● Work request
Copy the listing exactly, please, and keep every picture out of it.

● Records supplied
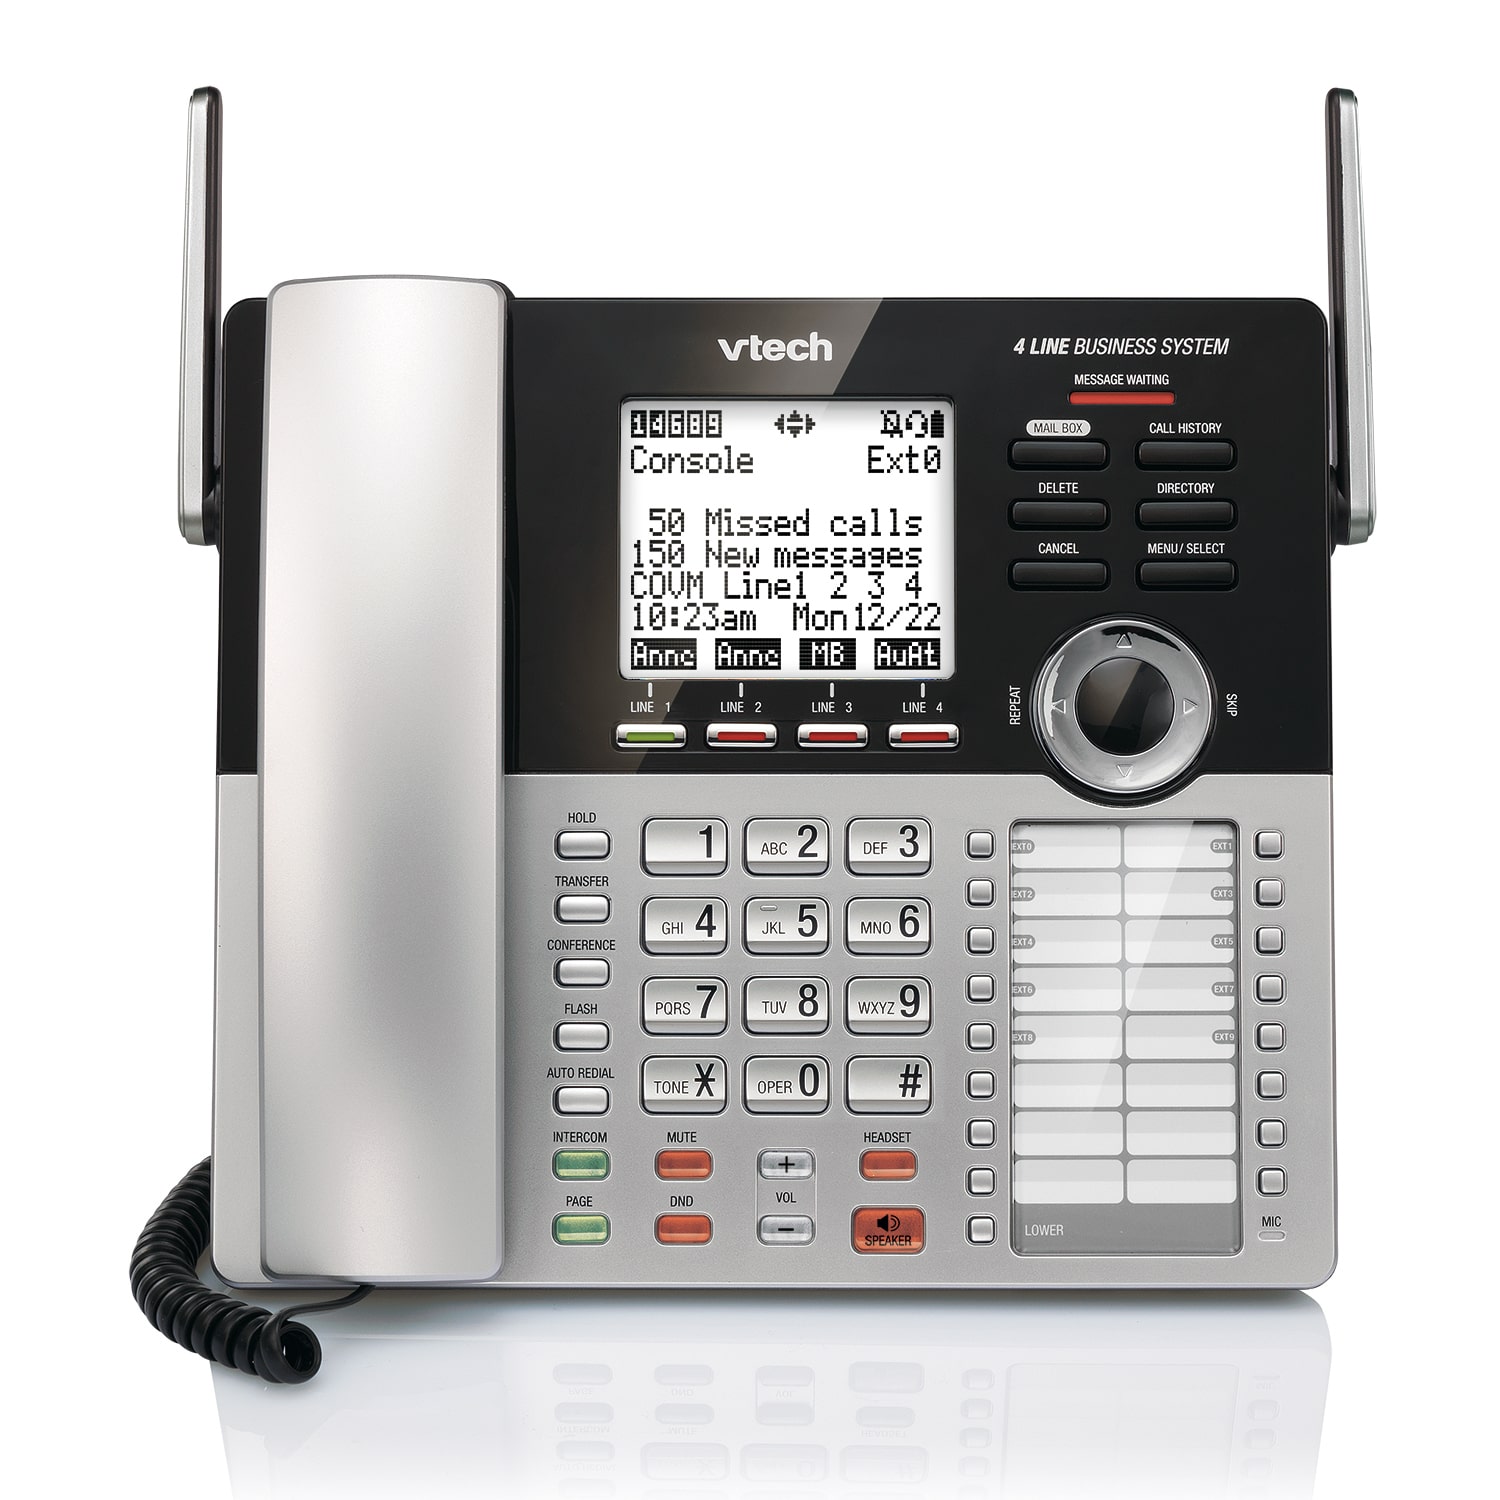 Vtech 4 Line Business System Voicemail Setup
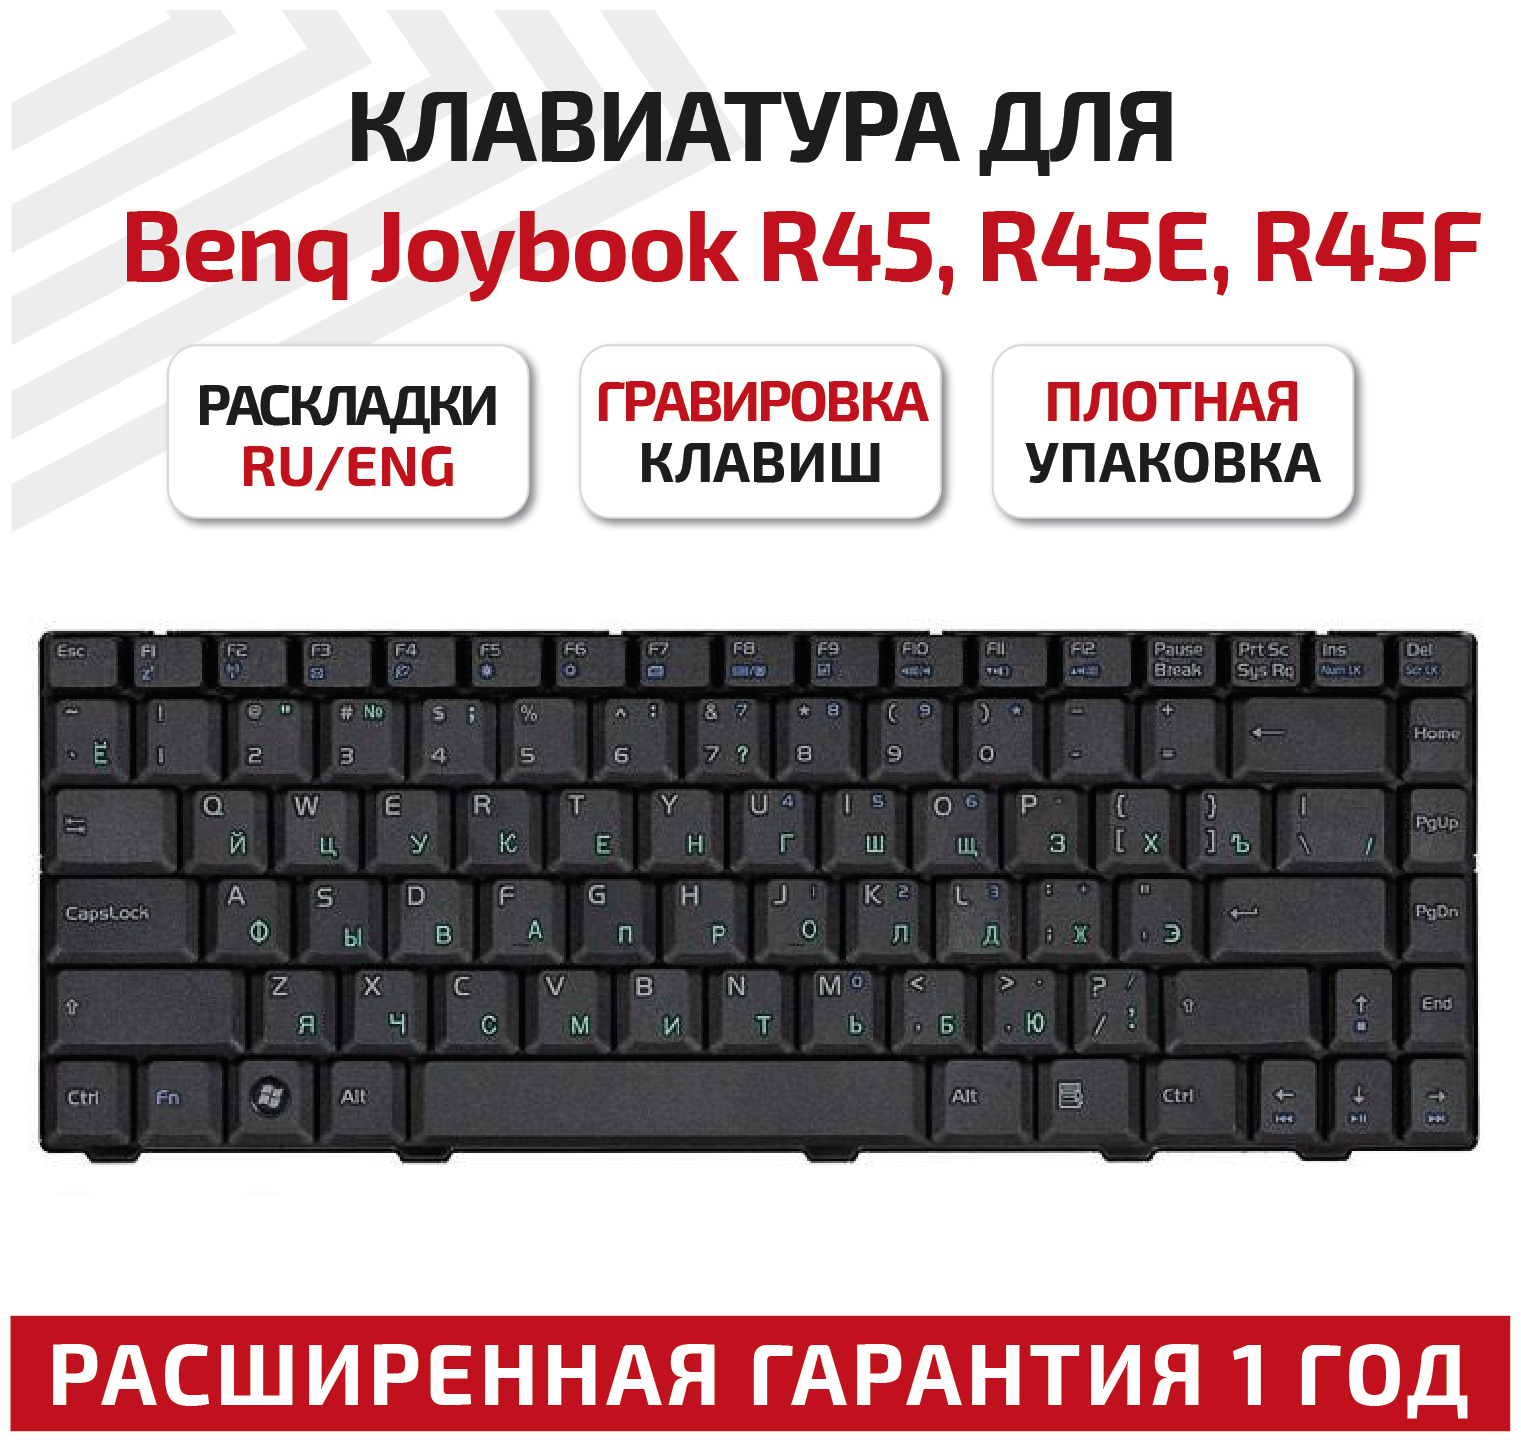 Клавиатура (keyboard) 04GNH41KRU00 для ноутбука BenQ JoyBook R45, R45E, R45F, R45EG, R46, R47, черная
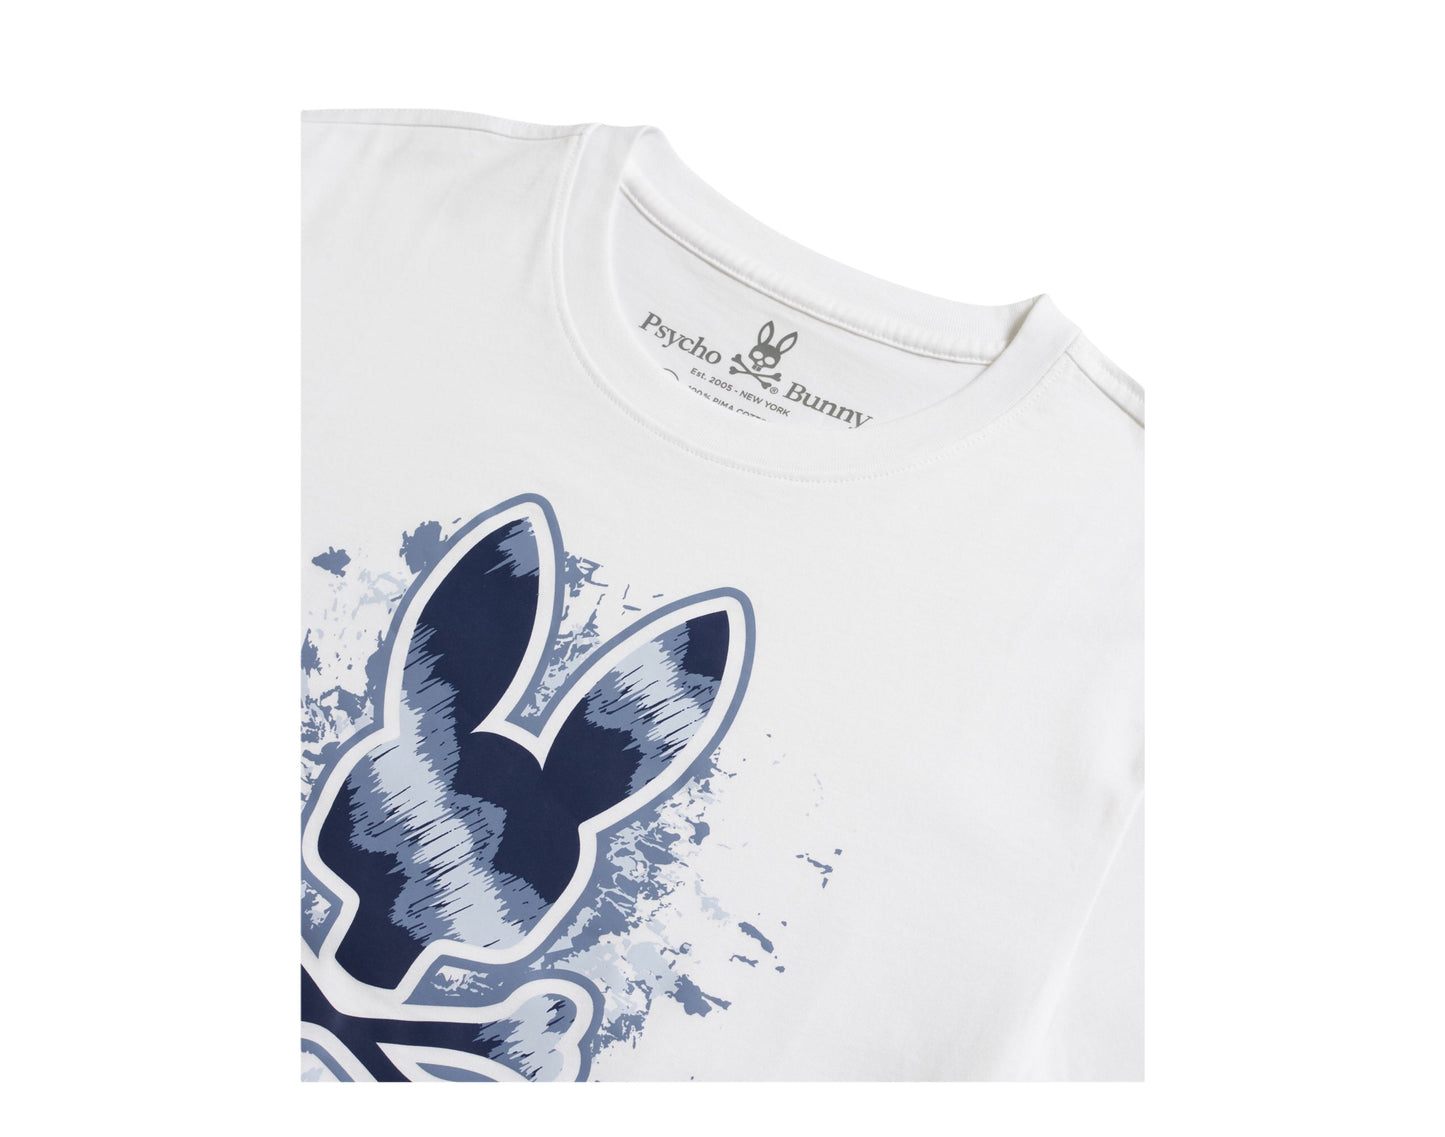 Psycho Bunny Drayton Graphic Kids' Tee Shirt
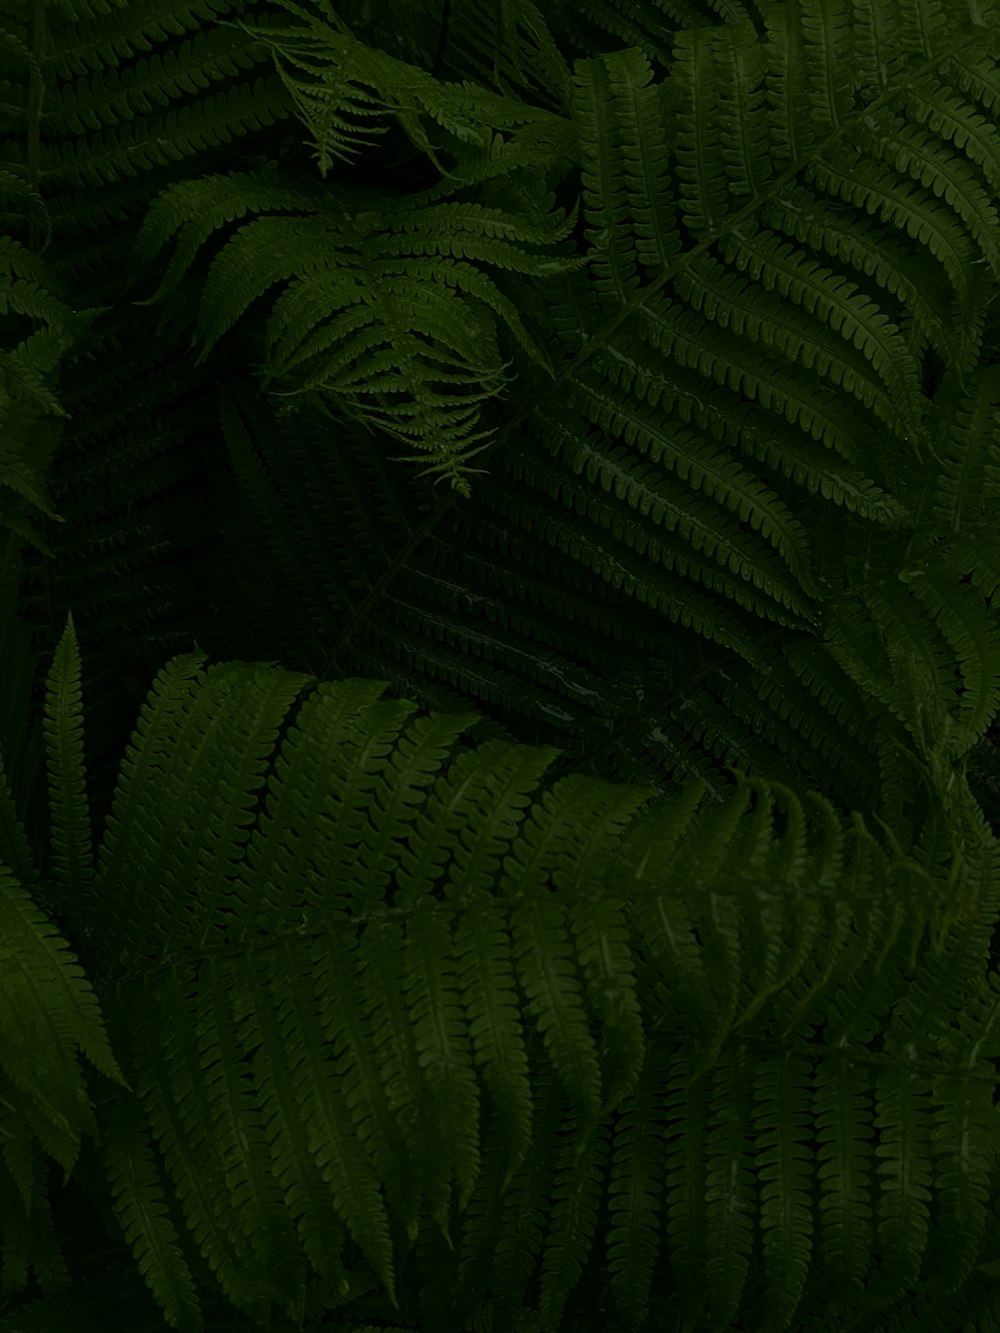 pianta di felce verde in fotografia ravvicinata
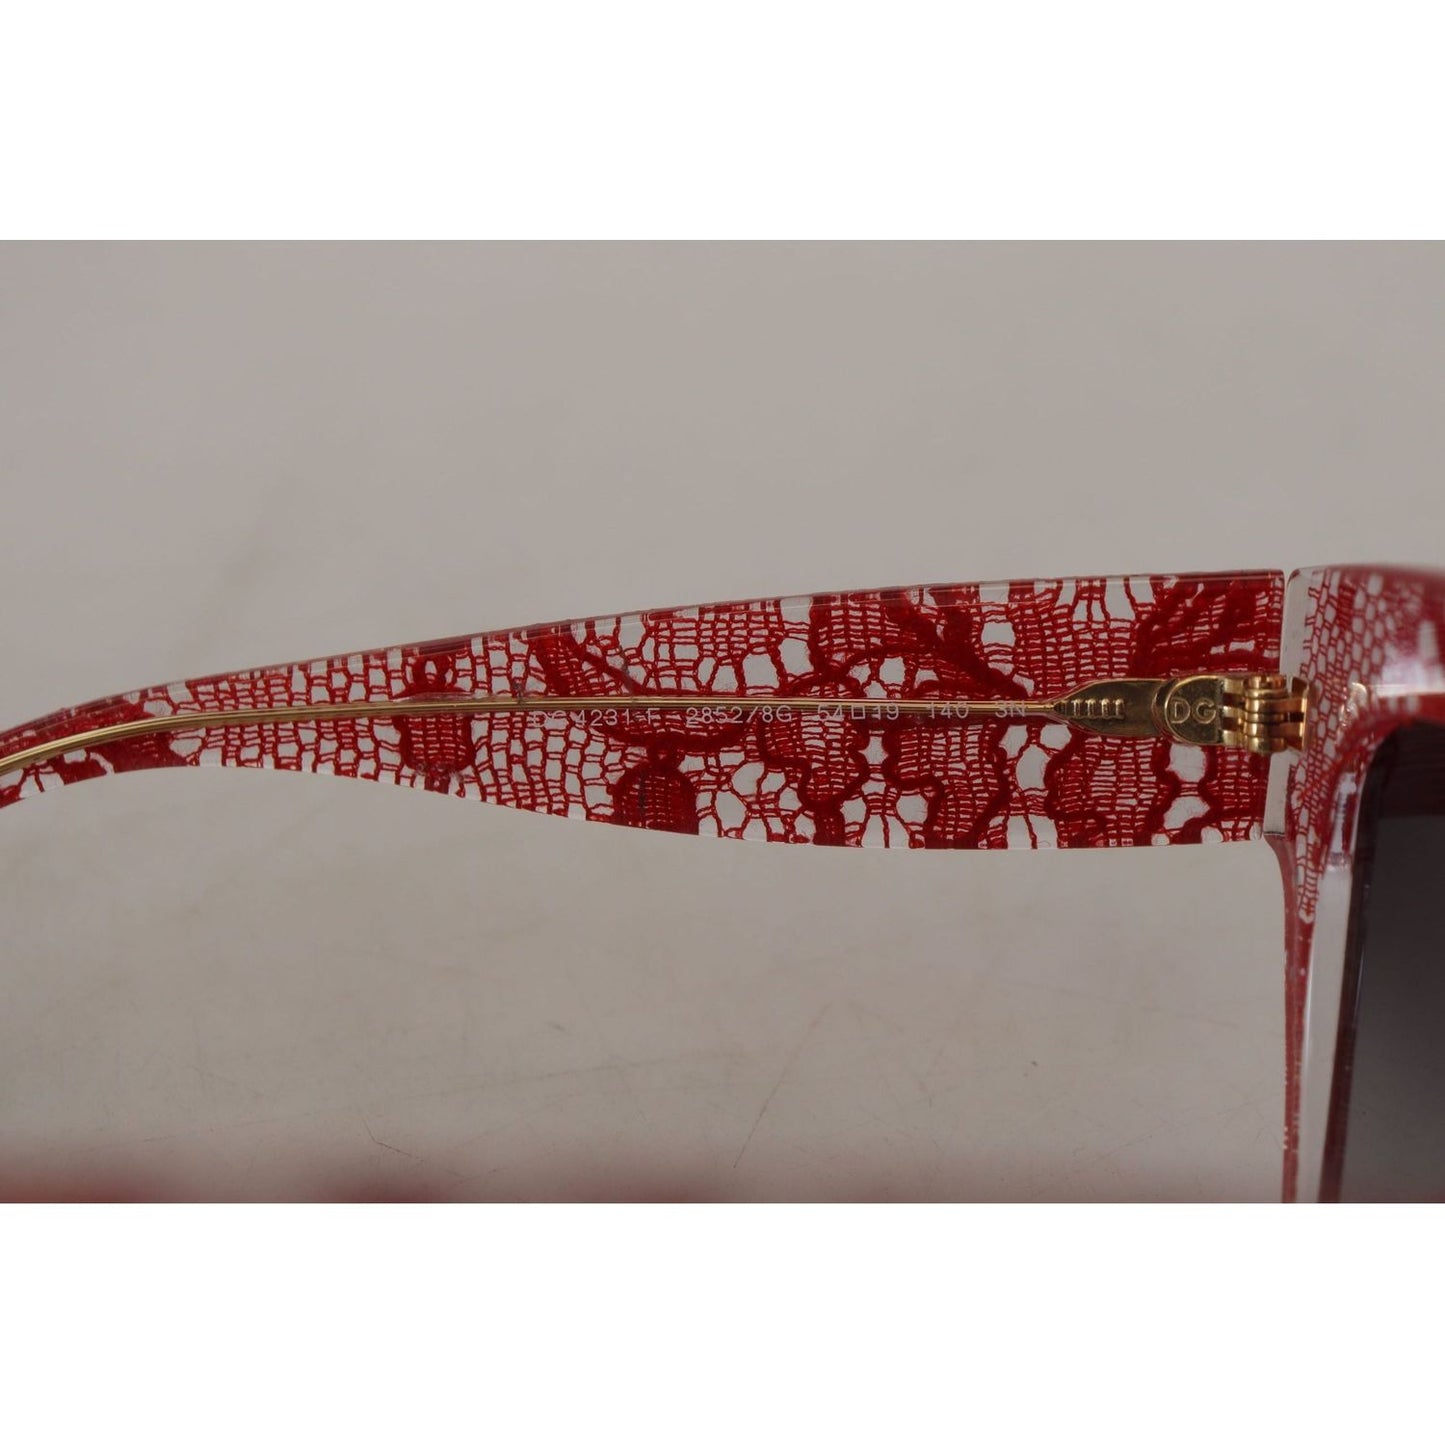 Dolce & Gabbana | Red Lace Acetate Rectangle Shades  DG4231F  Sunglasses  | McRichard Designer Brands

● Solution for this task
 Vtech 4 Line Business System Voicemail Setup
 Клавиатура (keyboard) 04GNH41KRU00 для ноутбука BenQ JoyBook R45, R45E, R45F, R45EG, R46, R47, черная
 Psycho Bunny Drayton Graphic Kids' Tee Shirt
 pianta di felce verde in fotografia ravvicinata
 Dolce & Gabbana | Red Lace Acetate Rectangle Shades  DG4231F  Sunglasses  | McRichard Designer Brands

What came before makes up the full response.